Overall, the story tempers hopes with a sufficient amount of factual information on what has, and has not, been shown.  It does go back and forth a bit in the language used to address the topic.  For example, it talks about the ‘exciting possibilities’ and ‘hopeful buzz’.  This is countered by a statement that recent research results are ‘not enough’ and that these drugs should not be taken for cancer prevention. 

Does the story use independent sources and identify conflicts of interest?

Not Satisfactory

This story provides perspectives from two independent medical experts and states that one of these experts has no financial ties to any of the drug makers.  It addresses potential conflict of interest by noting that the lead scientists for one of the featured research studies reported consulting for pharmaceutical manufacturers. 

But it did not include any quotes expressing any reservations or skepticism, as the New York Times did in its story with these expert quotes:

“These are provocative data, but certainly not compelling, and not definitive.” (said Dr. Gabriel N. Hortobagyi, who directs the breast cancer research program at the University of Texas M.D. Anderson Cancer Center.)

Other breast cancer experts agreed. “If in fact you have osteoporosis and you’re taking these drugs, it’s possible there is an added benefit,” said Dr. Eric P. Winer, a breast cancer specialist at the Dana-Farber Cancer Institute in Boston. “But at the moment, I don’t think these studies should be used as a reason to take a bisphosphonate to prevent breast cancer. As with all drugs, there are side effects and risks.”
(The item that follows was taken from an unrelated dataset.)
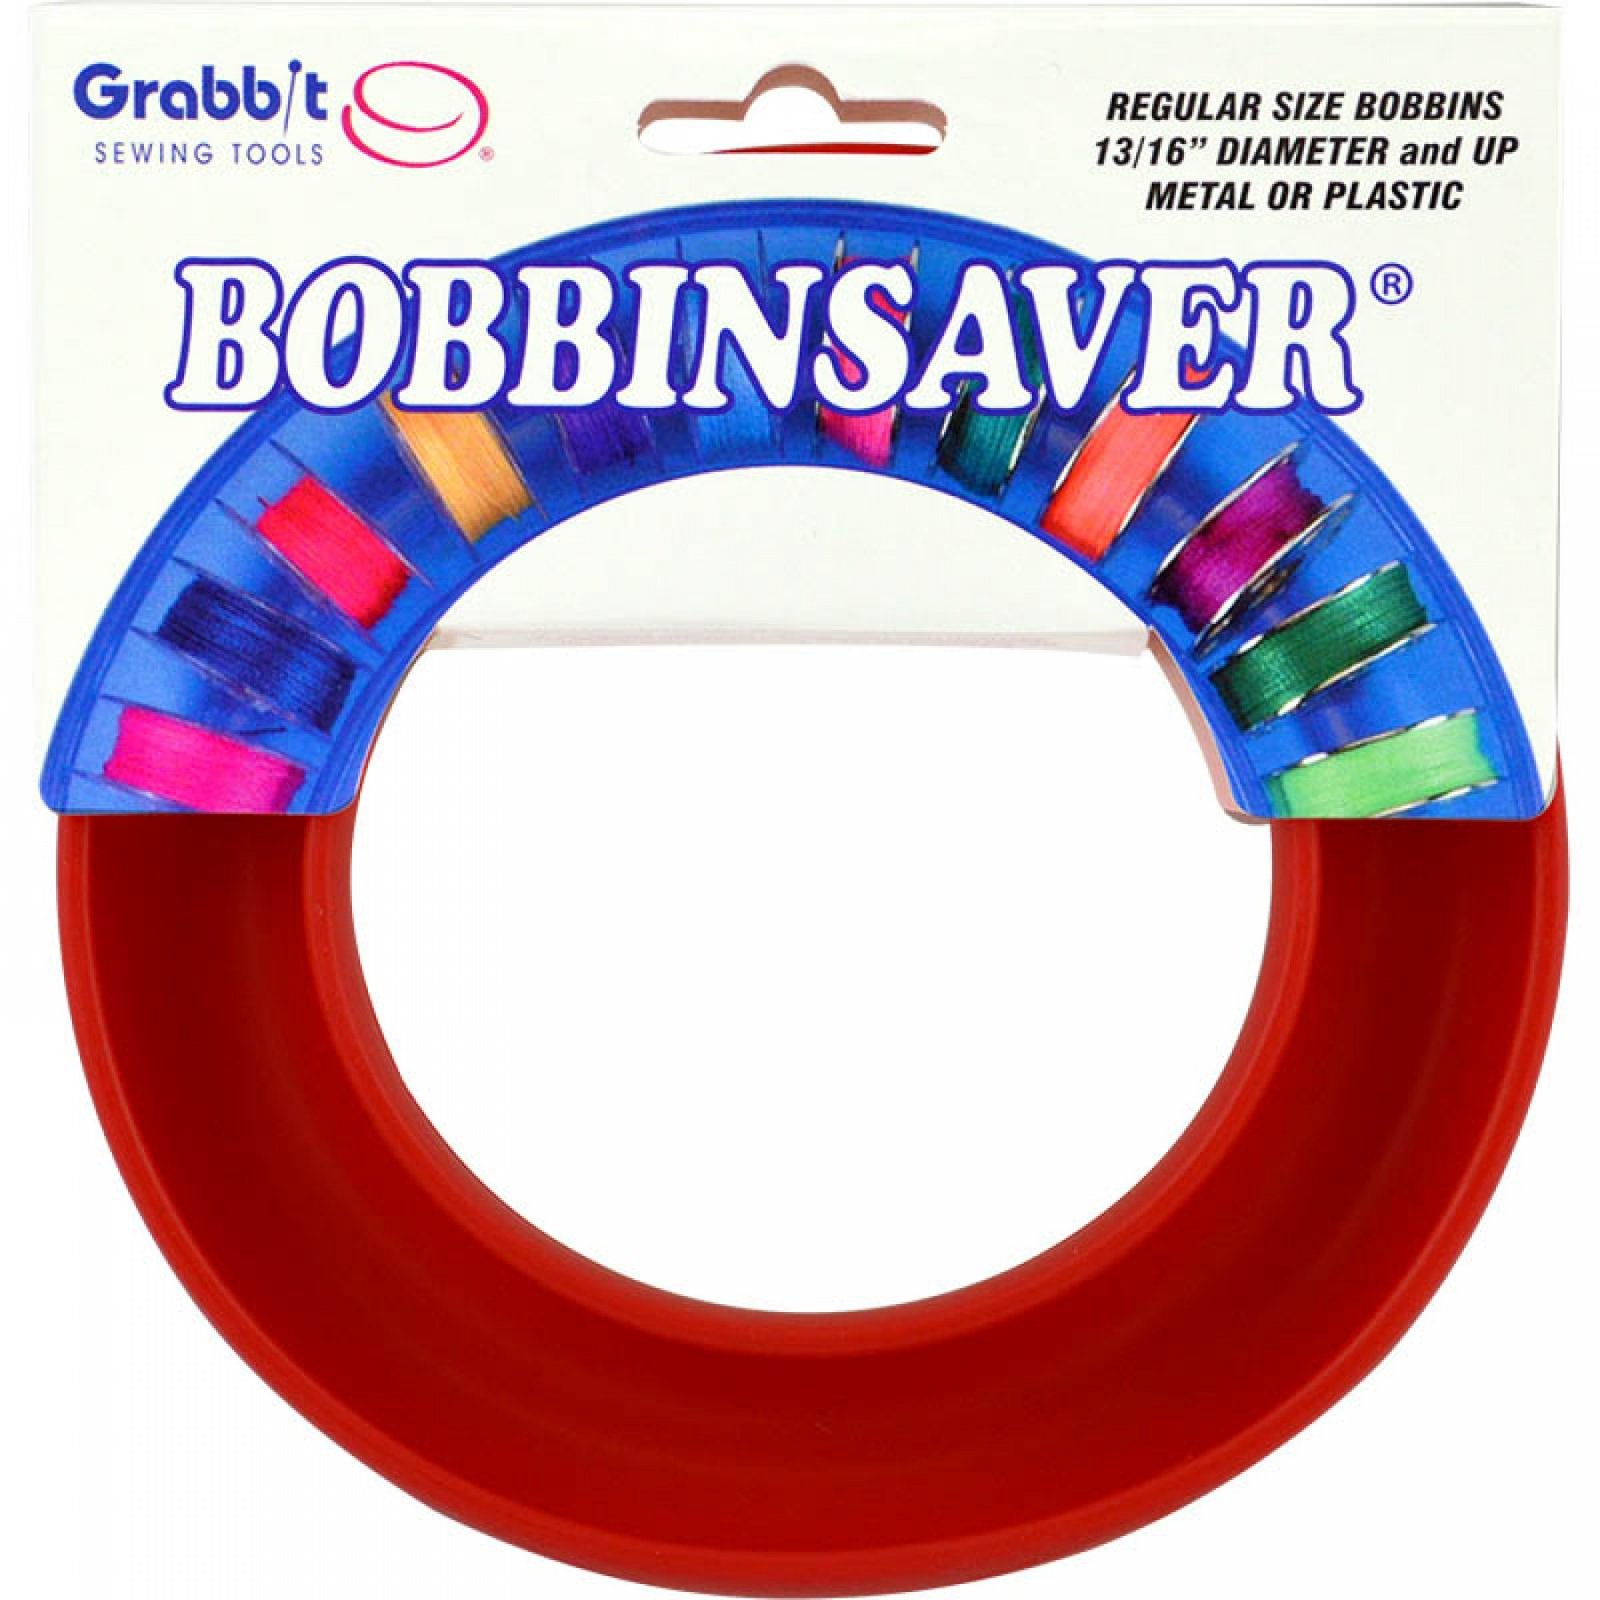 Red BobbinSaver Bobbin Holder

That Winer quote is weaker than the one the AP used:  

"These are drugs that, generally speaking, are relatively well tolerated" and fairly safe, but they still should not be taken for cancer prevention until more definitive studies show their risks and benefits, said Dr. Eric Winer of the Dana-Farber Cancer Center in Boston. He has no financial ties to any makers of these drugs.

Does the story compare the new approach with existing alternatives?


This story notes that the role of bisphosphonates in breast cancer prevention is not known and that these drugs should not be taken as a preventative measure.  It also informs the reader that two drugs, tamoxifen and raloxifene, can be used a preventive measures for women at high risk of breast cancer.

Does the story establish the availability of the treatment/test/product/procedure?


This story is clear that bisphosphonates are widely available and used by millions of women.

Does the story establish the true novelty of the approach?


This story is covering the most recent research that has been reported on the topic of oral bisphosphonates use and risk of developing breast cancer.  These results have not previously been previously reported.

Does the story appear to rely solely or largely on a news release?


There is no evidence that the story relied on a news release.